Material provided section start
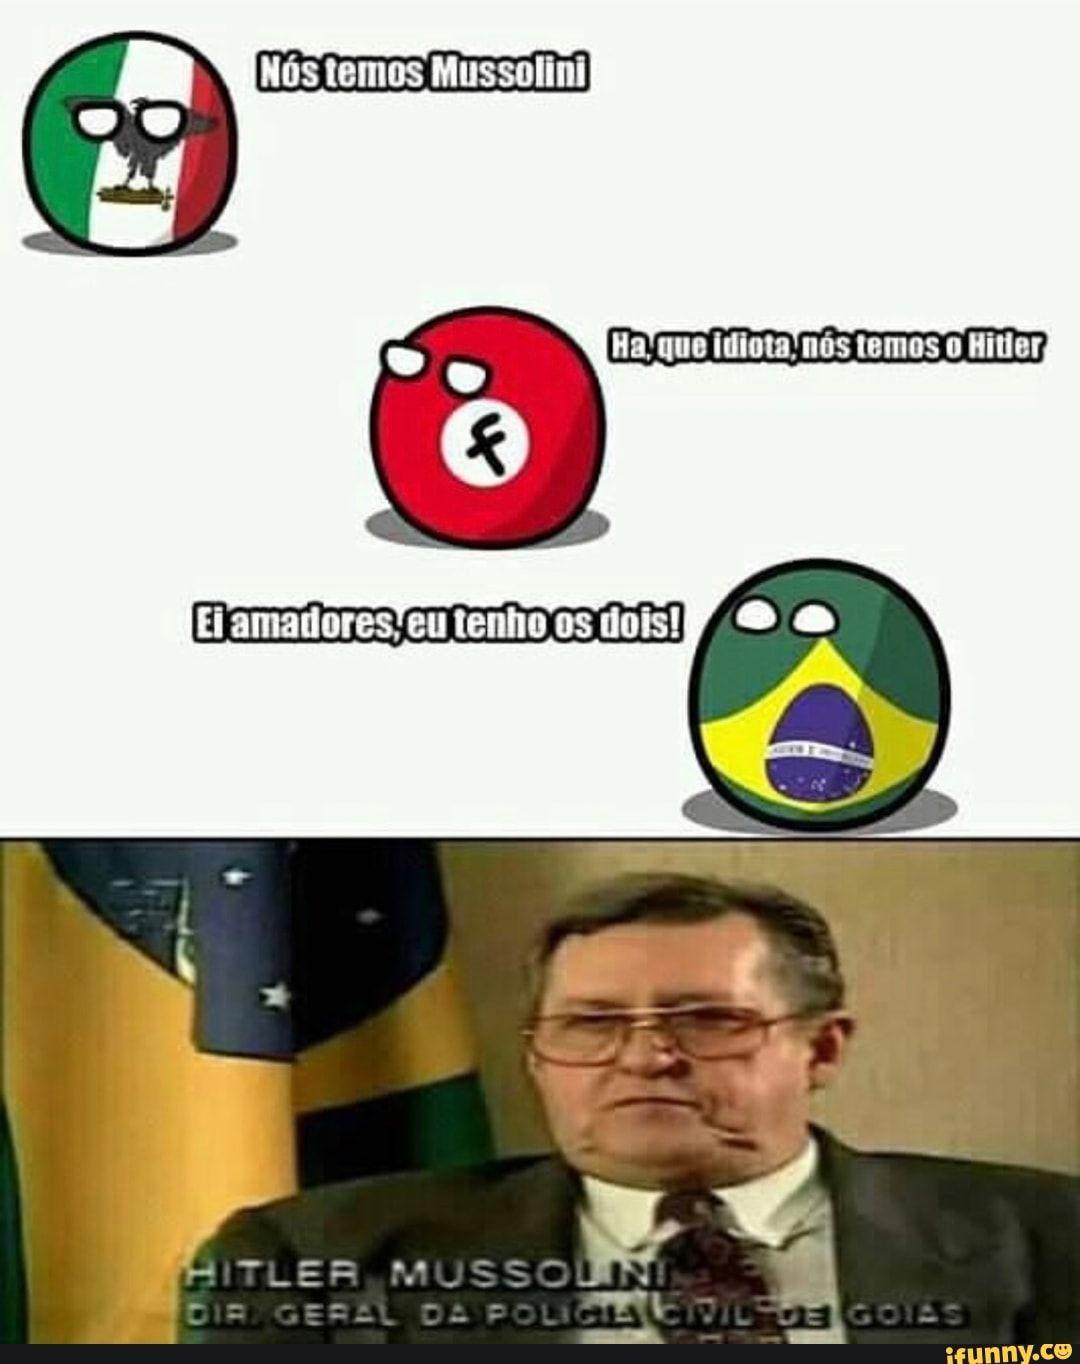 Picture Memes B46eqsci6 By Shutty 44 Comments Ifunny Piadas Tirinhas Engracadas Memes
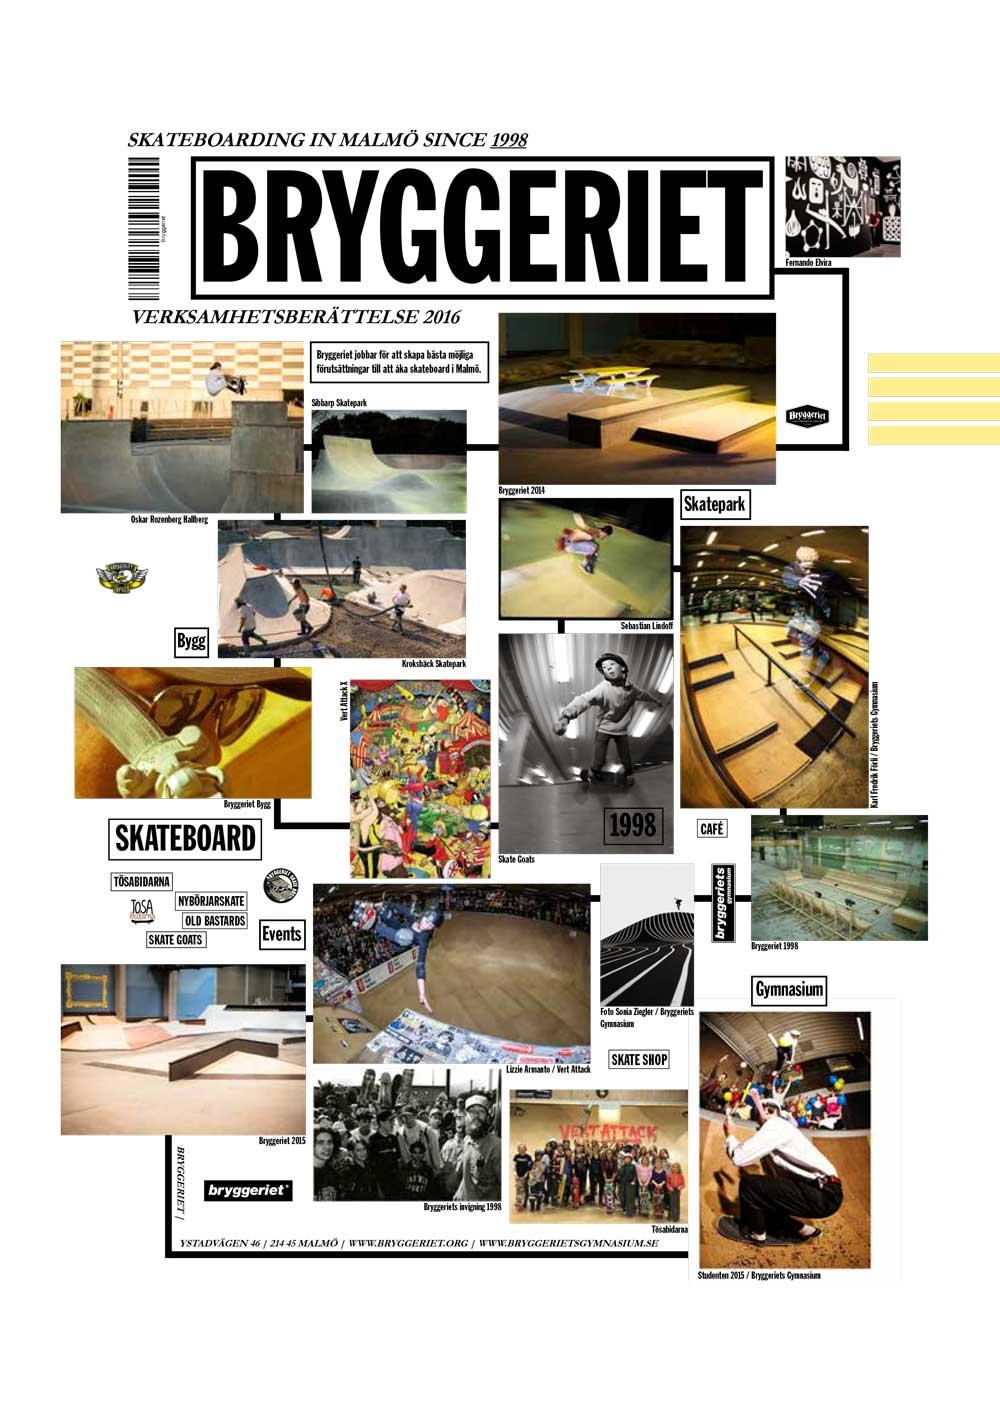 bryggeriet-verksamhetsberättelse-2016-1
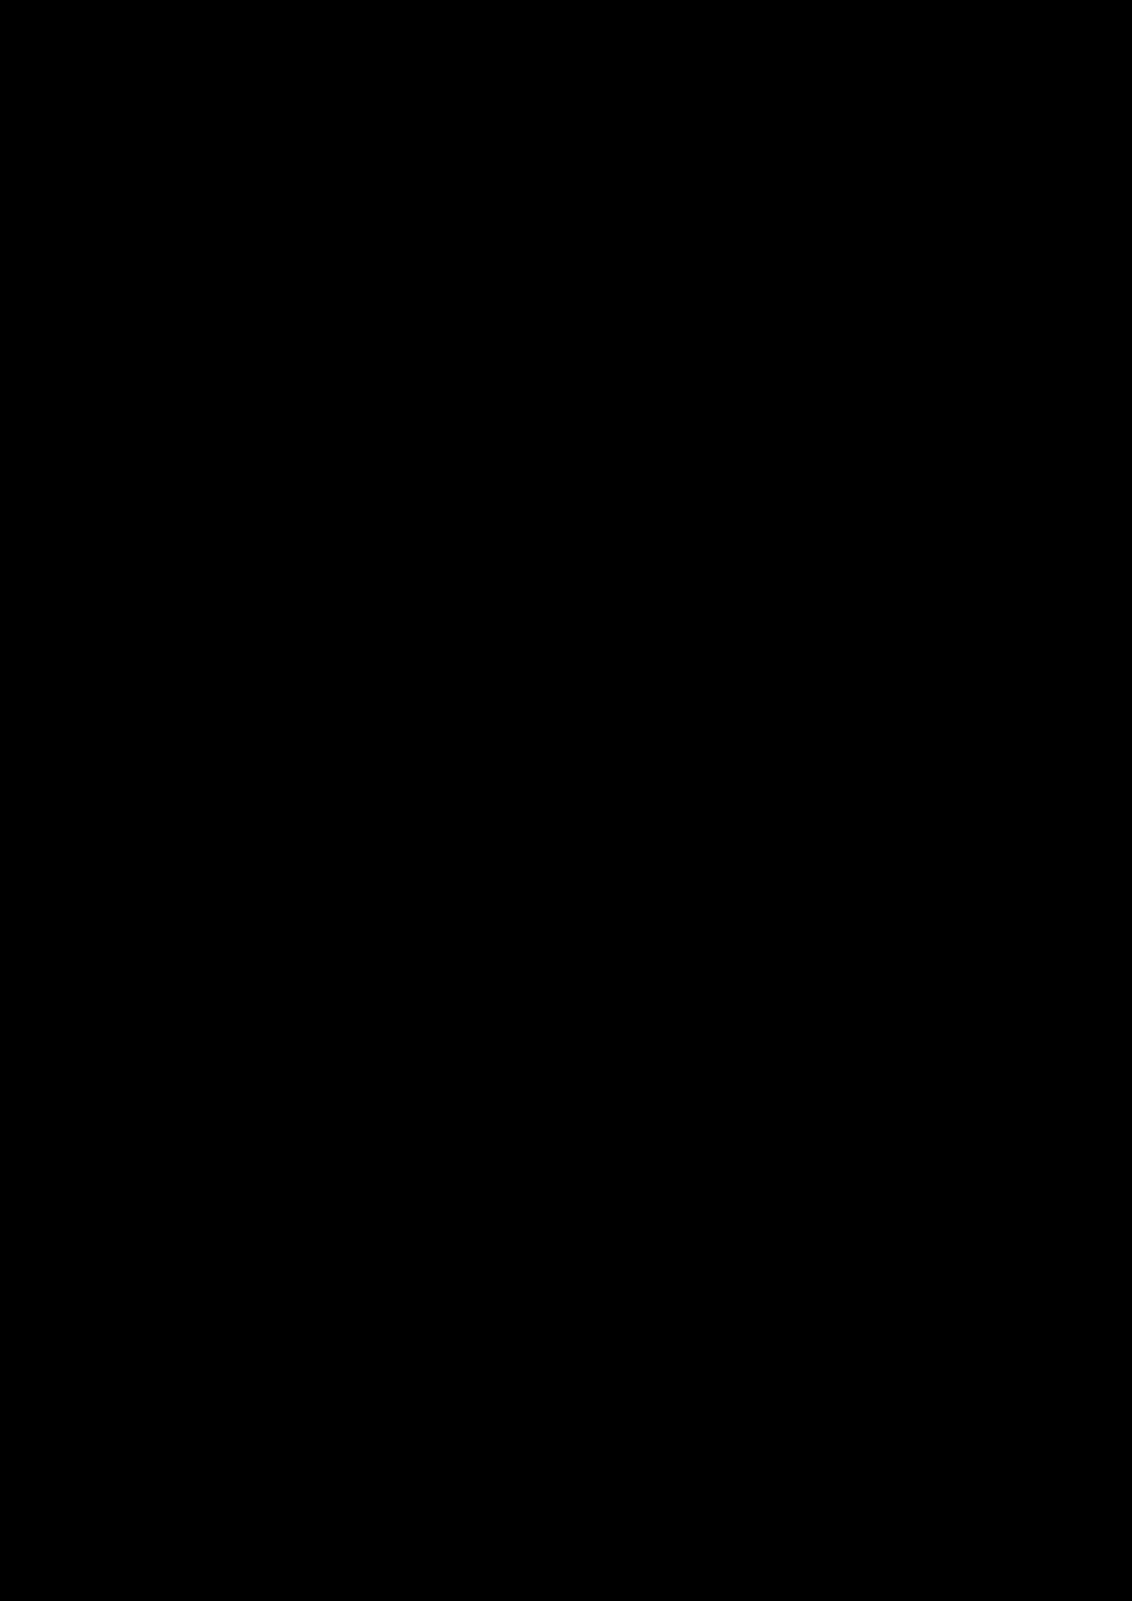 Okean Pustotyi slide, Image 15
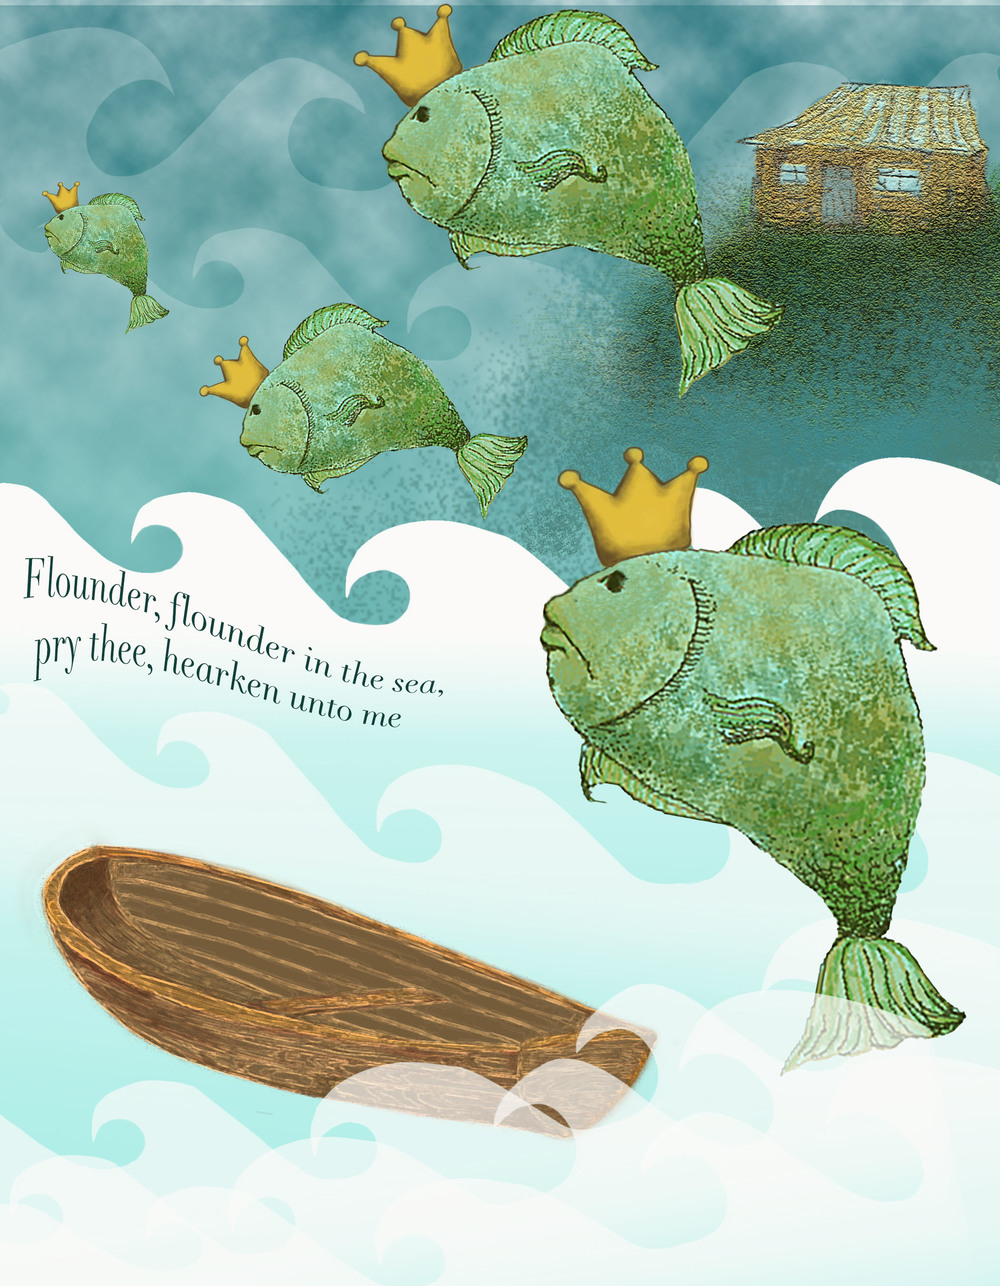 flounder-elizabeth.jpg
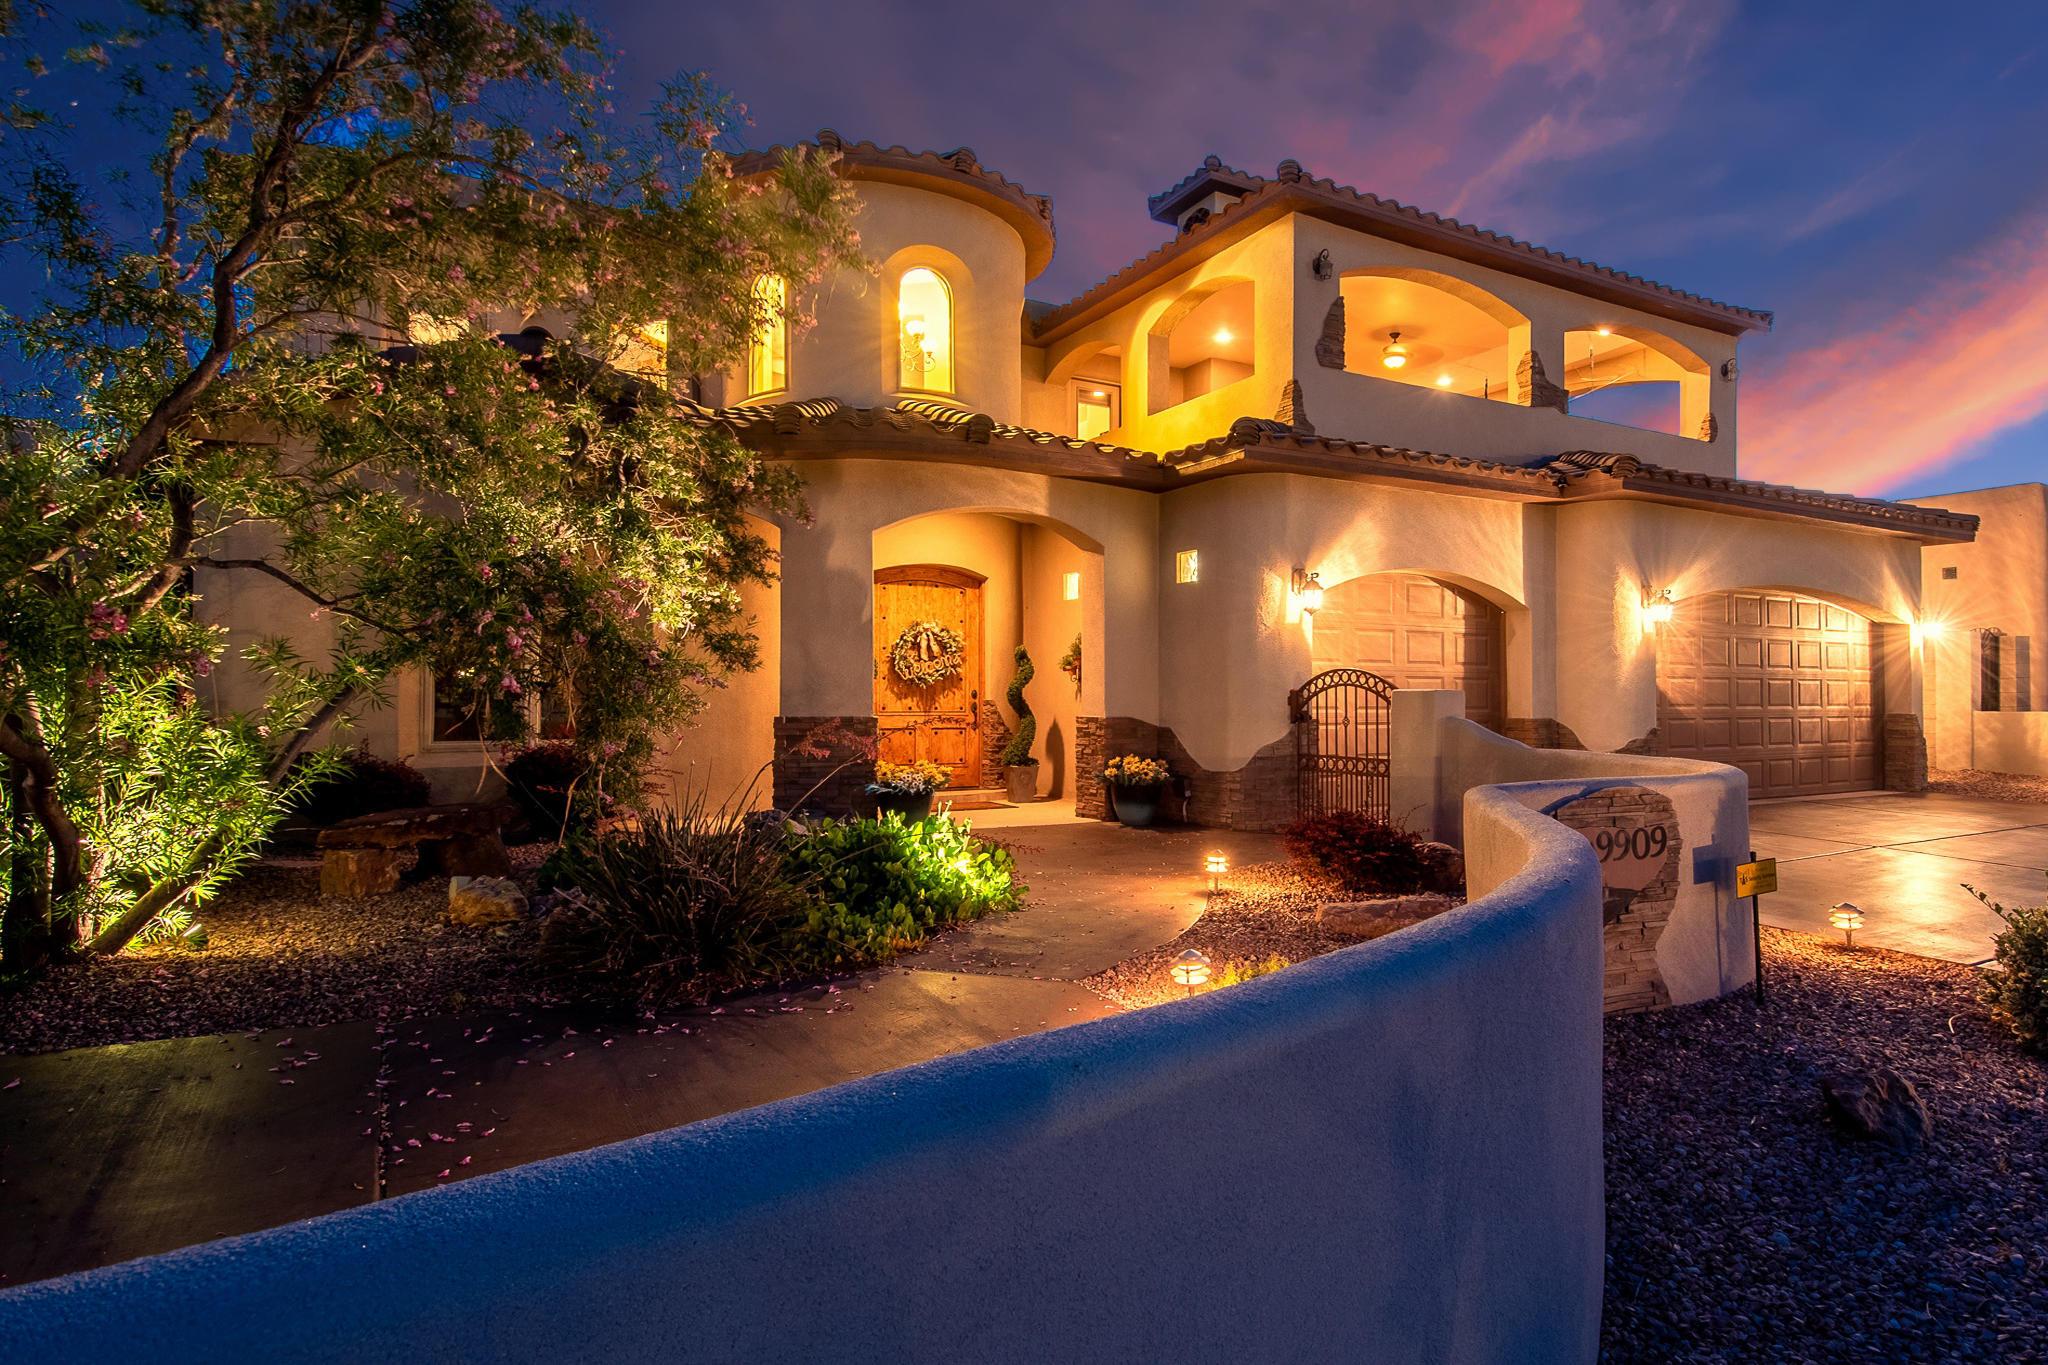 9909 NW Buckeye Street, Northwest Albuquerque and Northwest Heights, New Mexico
Material provided section end
_Task brief_:
All of the entries above need to be repeated exactly, minus the pictures.

_Written solution_:
 Picture Memes B46eqsci6 By Shutty 44 Comments Ifunny Piadas Tirinhas Engracadas Memes
 bryggeriet-verksamhetsberättelse-2016-1
 Okean Pustotyi slide, Image 15
 flounder-elizabeth.jpg
 9909 NW Buckeye Street, Northwest Albuquerque and Northwest Heights, New Mexico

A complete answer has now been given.